Why do forest soils need to be managed?

Forest soils are an important natural resource in the United States. Almost one-third of U.S. soil is in forests. These include highly managed forest plantations, farm woodlots, national forests and parks, urban forests, and vast wilderness areas. All these different types of forests require healthy soils to thrive and to provide goods, like timber, and fuel. Forests even provide “services”, like recreation and clean water. (For more information about soil ecosystem services, visit here.)

Clean and abundant water

forest floor with square hole of soil

O Horizon: In this photo, the organic matter layer is well over an inch deep.
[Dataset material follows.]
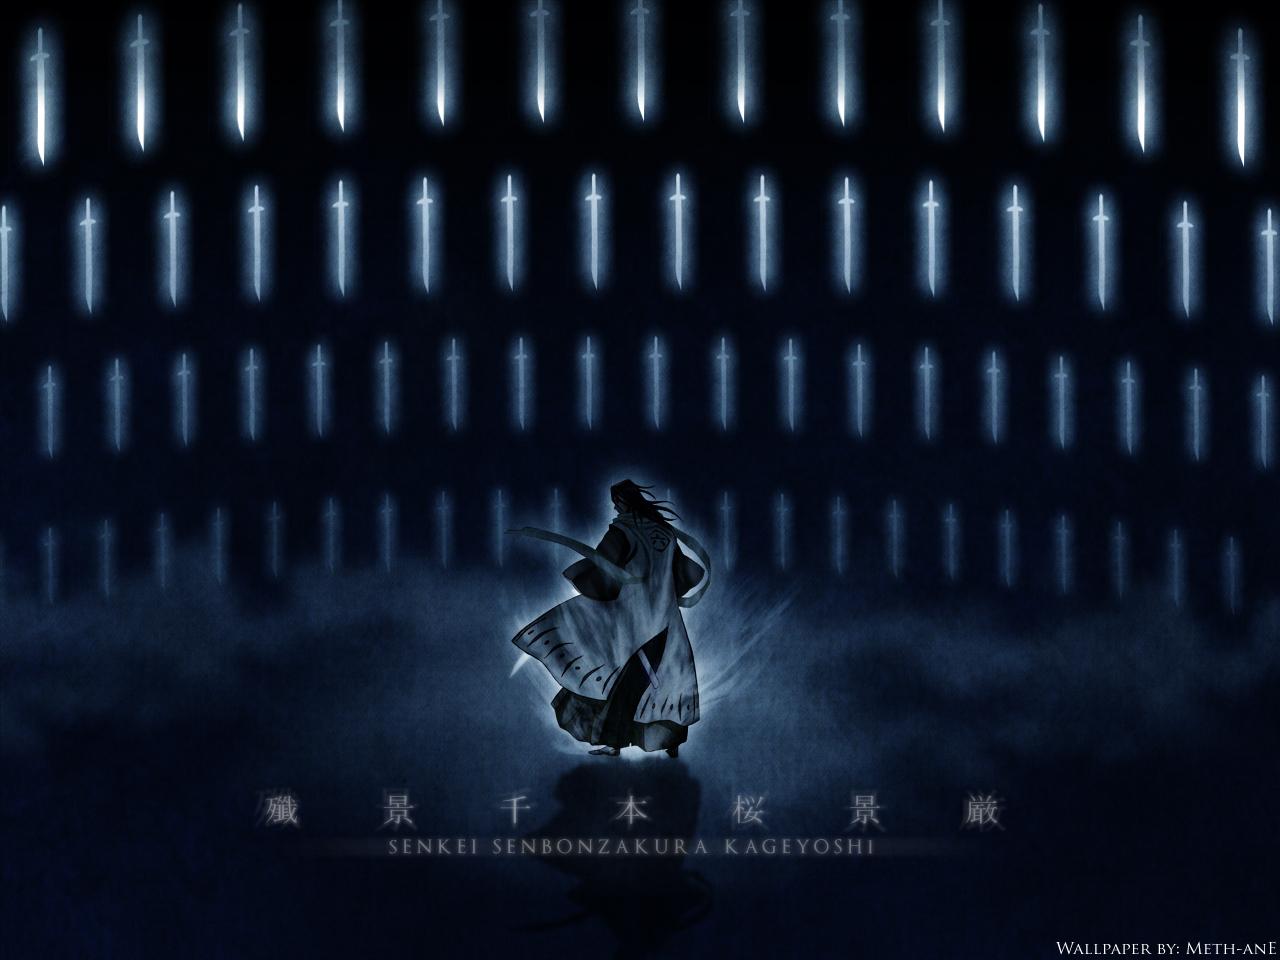 http://4.bp.blogspot.com/-kJroFakL4XY/TlOMf68S7FI/AAAAAAAAA9w/3nQDETiGFek/s1600/Bleach_wallpaper_kuchiki_byakuya7.jpg
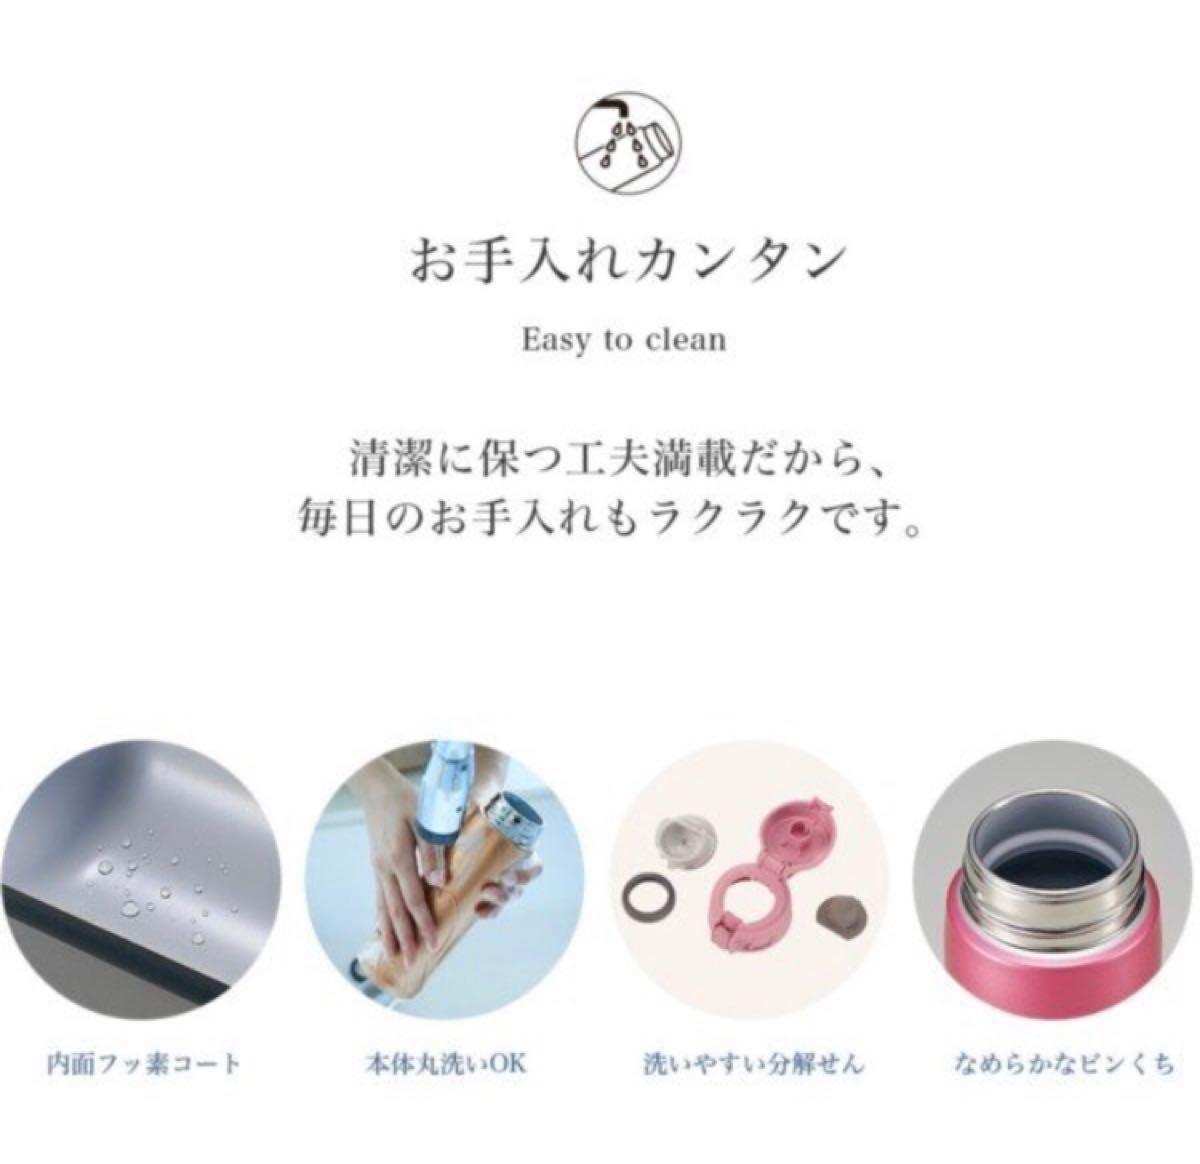 【残りわずか】象印 ZOJIRUSHI ピンク ステンレスボトル ステンレスマグ 水筒 360mL 新品未使用未開封 値下げ不可

You can see where the mineral soil starts, and the leaf litter ends. Forest managers must protect this “O horizon”, as it is an important part of the forest ecosystem. Credit: Mary Beth Adams, US Forest Service

It’s been estimated that about two-thirds of the water we drink comes from forested lands, and forests provide some of the highest quality water available. Forests have a layer, of accumulated leaves, seeds, wood, twigs and other organic matter. Many people call this the forest floor, or the litter layer, but soil scientists call this important layer the organic, or “O horizon”. This O horizon ranges from very thin to a few feet deep. All this organic matter increases the water infiltration capacity of soil, and slows or prevents surface runoff from rainfall. A good O horizon prevents erosion and loss of sediments into streams.

When forest soils are disturbed their ability to capture and filter water can be impaired. Examples of disturbance include harvesting trees, road building, wild fire, or overuse. That’s one reason why forest managers help create forest management plans – to protect the O horizon.

Soils sustain life

The biota that inhabit soils are also essential to the healthy forests. Soil dwellers are essential to helping to break down the leaf litter, fallen trees and other natural “trash” of the forest.

forest with yellow leaves on ground in fall

Leaf litter is broken down into rich, organic matter in our forests. Credit: SV Fisk

If the balance of life is thrown off by disturbance, then the equilibrium that naturally exists is thrown off. Microorganisms regulate cycling of nitrogen in particular. Nitrogen is the nutrient most often limiting forest growth and productivity. Soil microbes in disturbed soils – say a fire that increases soil acidity – can’t do their job. This throws off the balance not only of nitrogen but other nutrients and minerals in the soil. Plant life needs calcium and magnesium, but proper soil pH is needed to maintain the right levels. Changes in soil nutrient levels can result in physiological changes in the trees, making them less cold hardy, or perhaps more susceptible to drought.

Native earthworms work to aerate soils, reducing compaction and increasing water infiltration rates. However, in some parts of the country, introduced exotic earthworms can consume the organic matter in the O horizon. This changes the way nutrients and water move through forest ecosystems.

Healthy soils help ensure healthy forests. Trees that receive sufficient nutrients and water from the soil will grow better, and be more resistant to insects and disease. In the southeastern U.S, years ago, it was discovered that to produce a healthy plantation of pines the addition of phosphorus was required at the time of planting. Without sufficient phosphorus, the trees would not grow. Trees that are stressed by lack of nutrients or lack of water are also more susceptible to insects and disease.

Trees are long-lived organisms! It’s easy to think that trees and forest soils can take care of themselves. But, humans have changed the way forests are used. Unlike us, trees can’t leave when conditions are not to their liking! So, management of forest soils is important. Managing forest soils is mostly about protecting the organic matter in the O horizon. Forest managers work to minimize compaction and disturbance, ensuring that nutrient supply is balanced with the needs of the trees, and protecting the soil biota.